Wayne Swan

Life’s never easy when you’re the World’s Greatest Treasurer. You certainly have to have a bit of sympathy for poor old Wayne Swan, who has to operate in the nightmarish world of federal politics, where the national interest is never as important as political point scoring.

Swan has the problem that never goes away. For the best part of five years, he’s been forced to watch as tax revenues have been buffeted by the GFC, a slowdown in consumer spending, anaemic property prices, as well as a weak share market. More recently, he’s also had to worry about a fall in commodity prices, which has and will continue to crimp tax receipts from Australia’s golden goose, the mining sector.

If that hard place wasn’t enough, Swan is also pinned in by the rock that is Labor’s promise to return the budget to surplus in 2013-14.

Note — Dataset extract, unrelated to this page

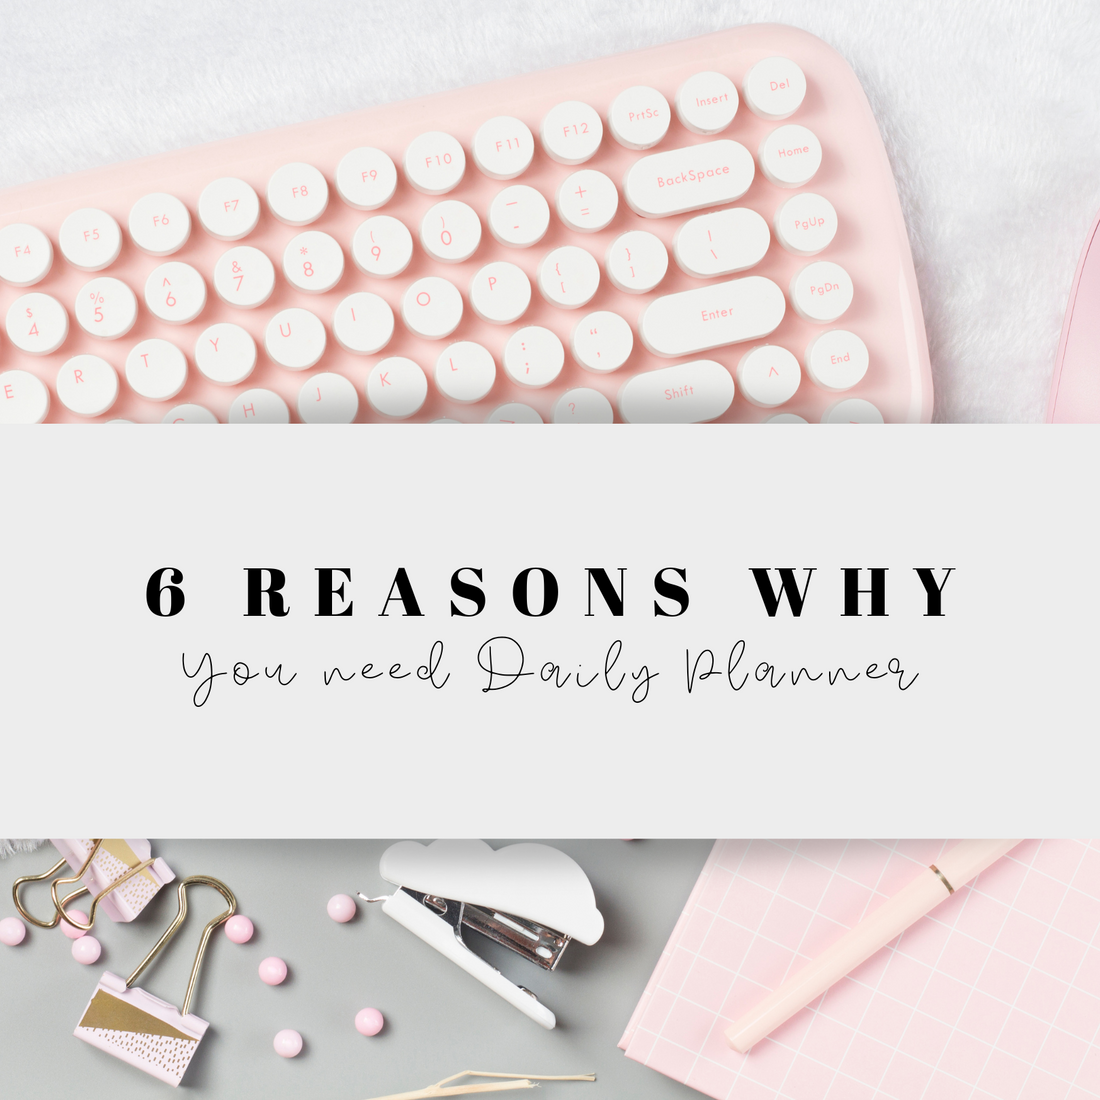 6 Reasons Why You Need Daily Planner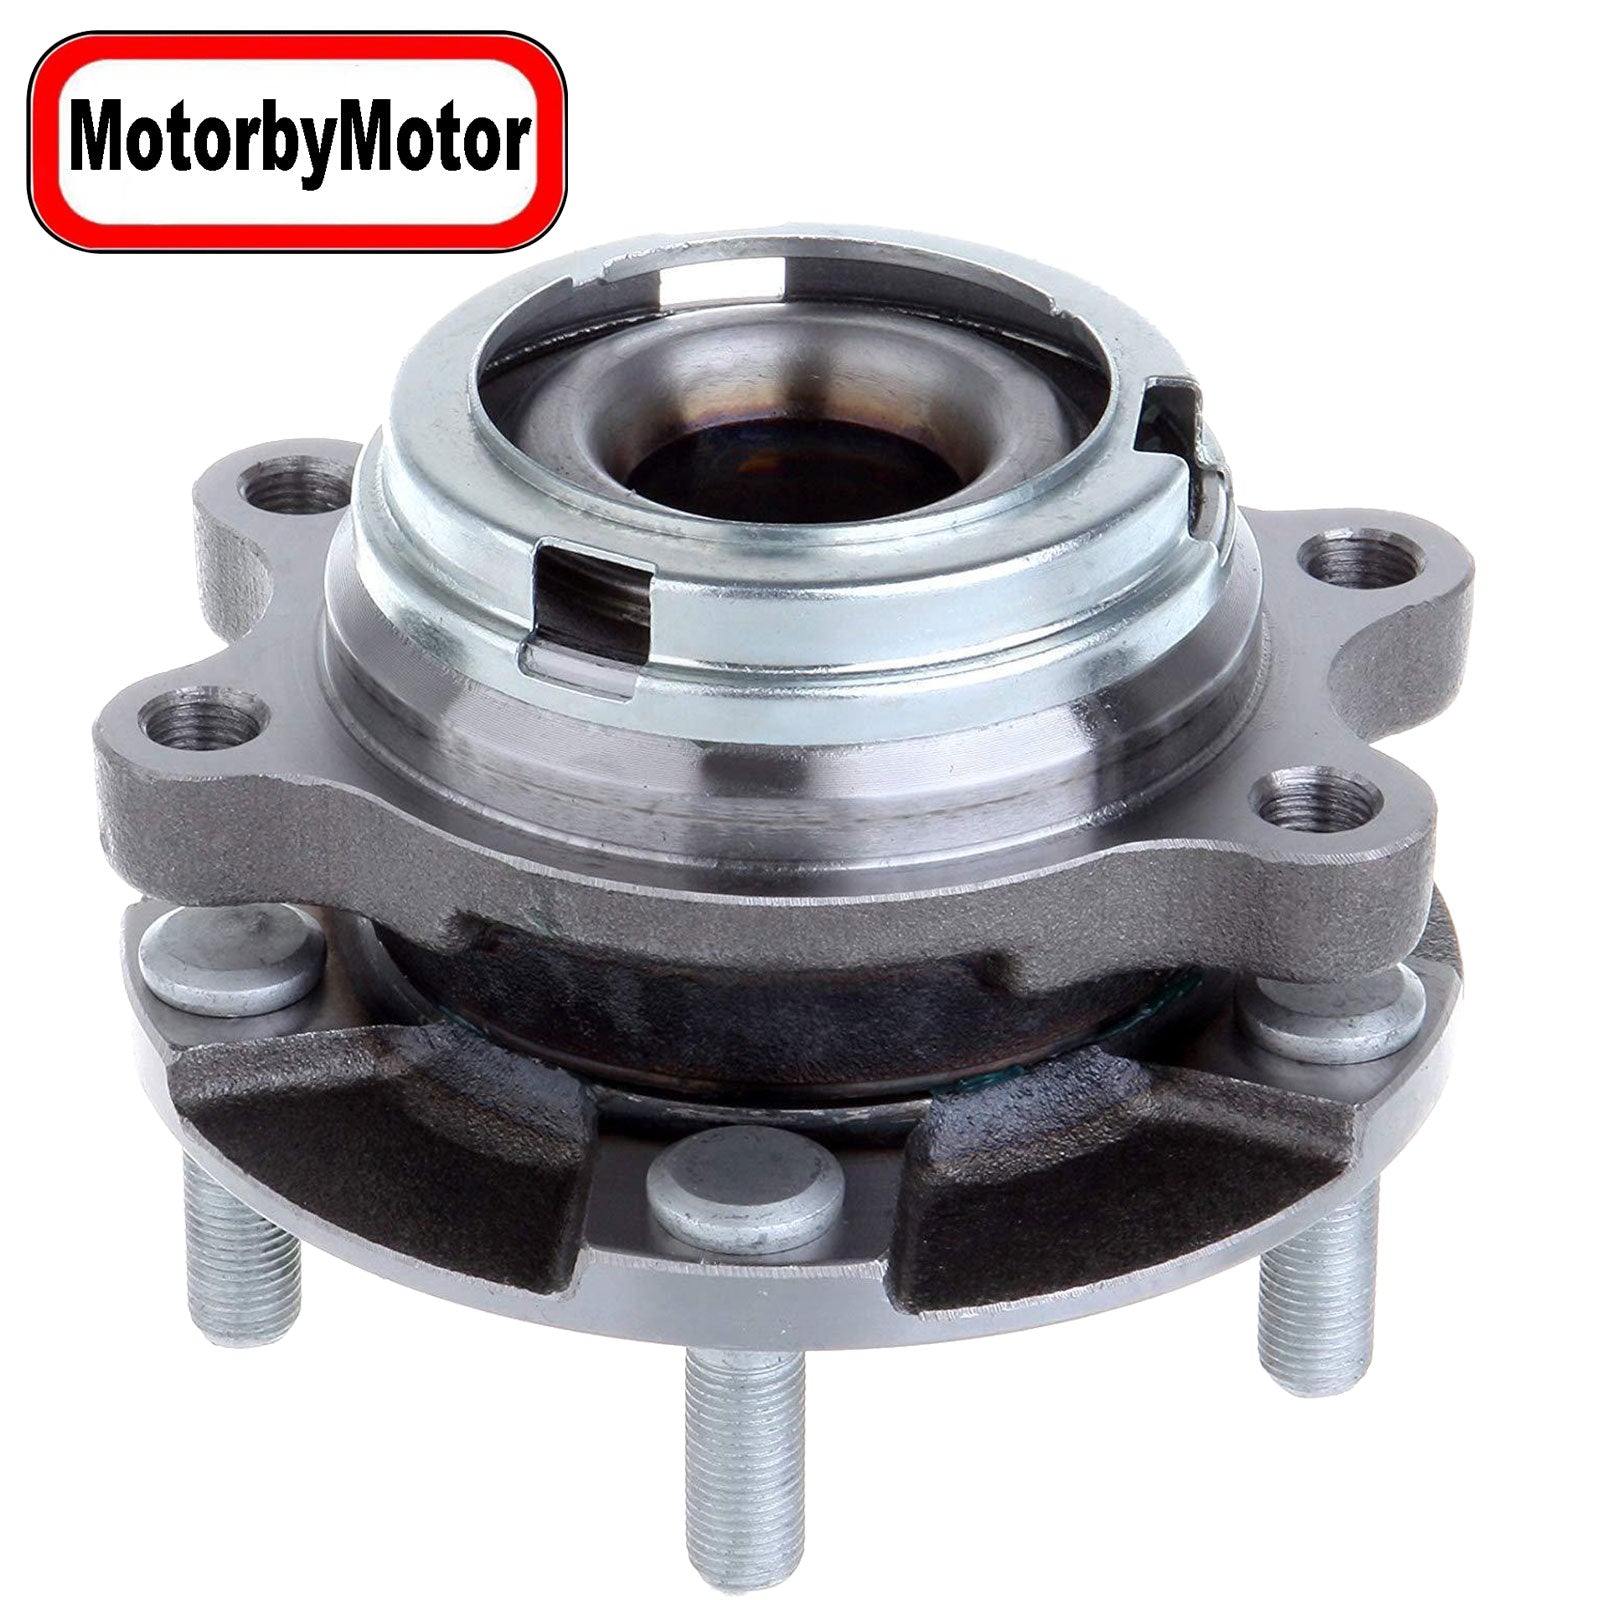 MotorbyMotor HA590125 Front Wheel Bearing and Hub Assembly AWD with 5 Lugs for Infiniti EX35 EX37 FX35 FX37 FX45 FX50 G25 G35 G37 M35 M37 M45 M56 Q40 Q50 Q60 Q70 Q70L QX50 QX70 Hub Bearing Assembly MotorbyMotor

It’s a promise that keeps getting harder to keep. Today, there are reports the public service has been told to find another round of spending cuts to help, just weeks after Swan announced a raft of cuts and revenue grabs in his October mini budget.

That’s hardly a surprise given what most entrepreneurs are seeing in the economy. Anecdotally at least, the outlook for company profits outside the mining sector is poor. There’s been some pick-up in commodity prices of late, but the mining golden goose just isn’t laying eggs like it used to.

Given Swan’s predicted budget surplus is just $1.1 billion (or it was in November), it seems likely Swan and Finance Minister Penny Wong are going to need to keep finding cuts for many months to come.

But the cuts are coming amidst what is an increasingly worrying global backdrop. While Swan seized on last week’s economic forecasts from the OECD to show how Australia’s growth is so much better than anywhere else in the world, the key message from the International Monetary Fund update was that it remains concerned about a second major global recession.

Clearly, Europe and the US provide the biggest concerns. When the OECD talks about governments doing whatever they can to restore confidence, I doubt little old Australia figures much in the conservation.

You wonder what this surplus by a thousand cuts does for confidence in Australia. Does it make business feel better to hear that programs or services will be frozen or wound back? Does it make business feel better to hear the Australian Tax Office is being charged with the responsibility of collecting billions of dollars in additional tax revenue from the SME sector?

Does it make anyone feel more confident when we have to hear about round after round of cuts to protect what is a paper-thin surplus?

If federal politics was not in the state it’s in, a sensible government might have come out by now and carefully explained that as the global economic outlook worsens it will take extra steps to stimulate the economy. If that means running a small but manageable deficit, we can cope.

Instead, we get shadow treasurer Joe Hockey saying this morning the government is about to break its most important promise.

Yes, Prime Minister Julia Gillard and Wayne Swan were silly to make this promise in a world with so many unresolved economic problems. Sure, there will be plenty of economists and economic commentators who say the government should strive for a surplus to underline its discipline.

But the question should still be asked: is the fanatical surplus promise one that should be broken?